* REQUIRED WORK: In your copy, each line below is repeated exactly and no image appears.

* DATASET CONTENT:
# # # # # # #
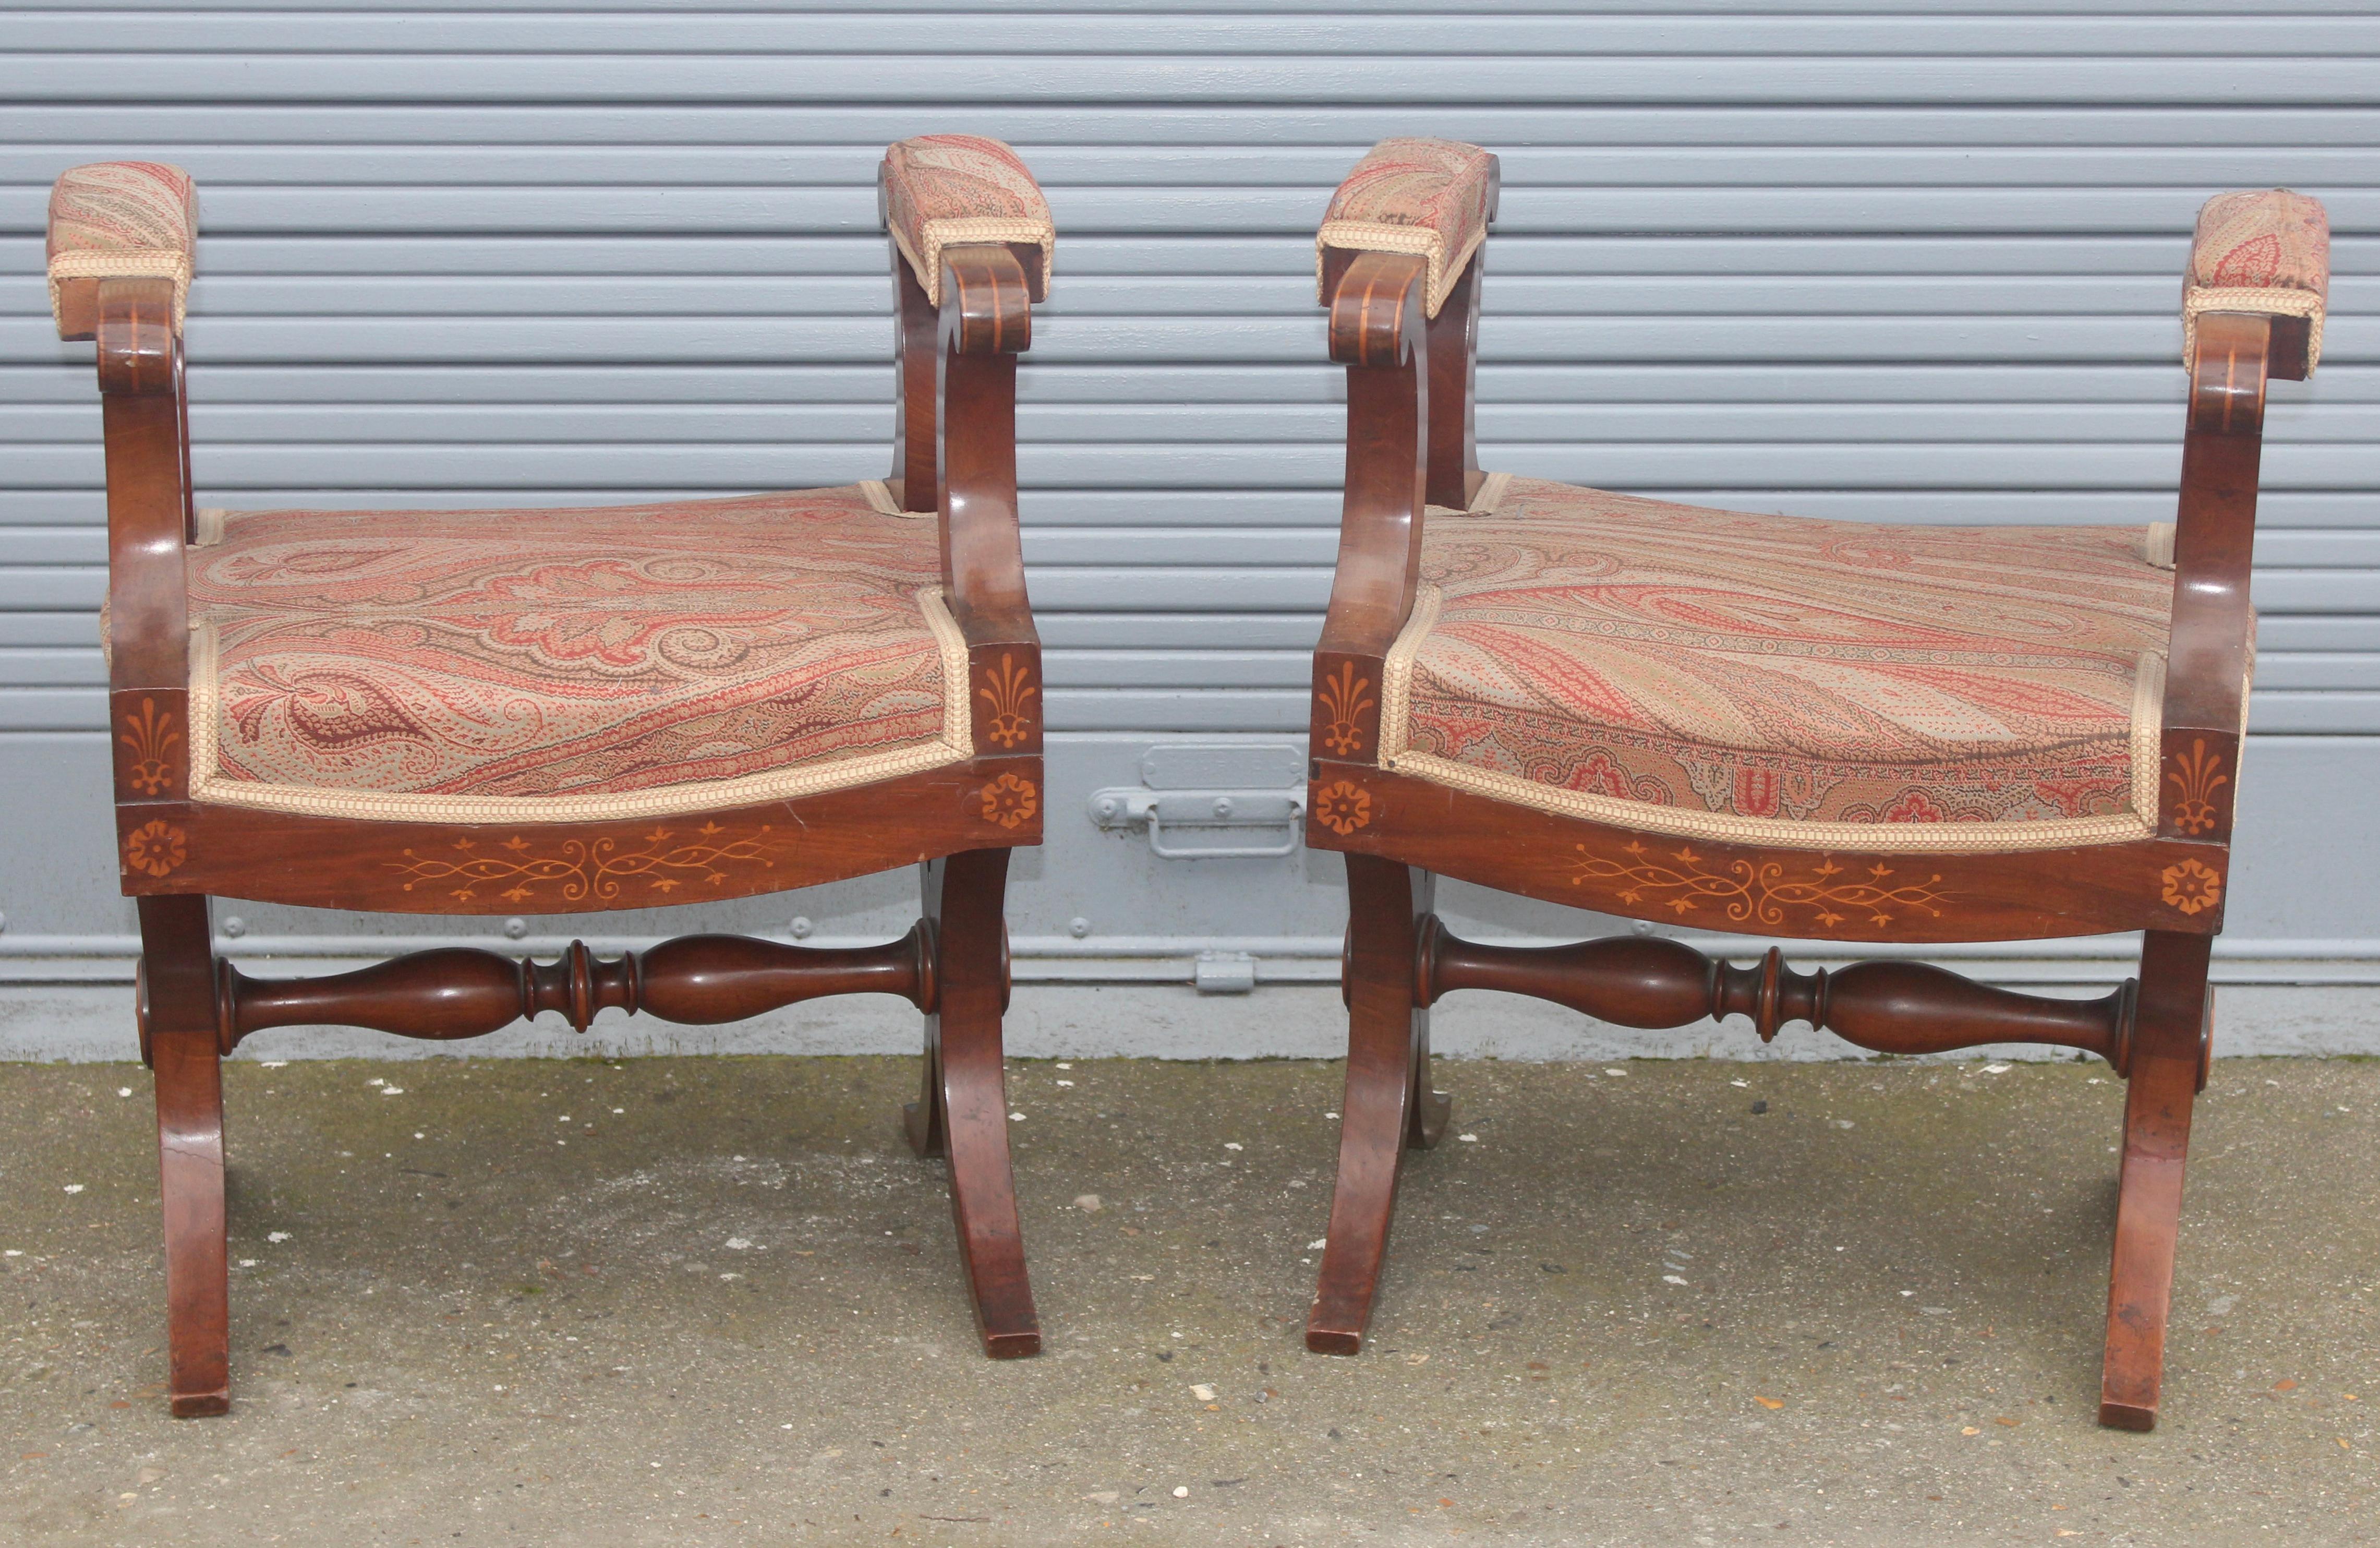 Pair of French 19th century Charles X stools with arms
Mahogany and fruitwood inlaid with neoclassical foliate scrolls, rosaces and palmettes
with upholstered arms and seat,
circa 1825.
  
# # # # # # #
* THE ANSWER:
 Pair of French 19th century Charles X stools with arms
Mahogany and fruitwood inlaid with neoclassical foliate scrolls, rosaces and palmettes
with upholstered arms and seat,
circa 1825.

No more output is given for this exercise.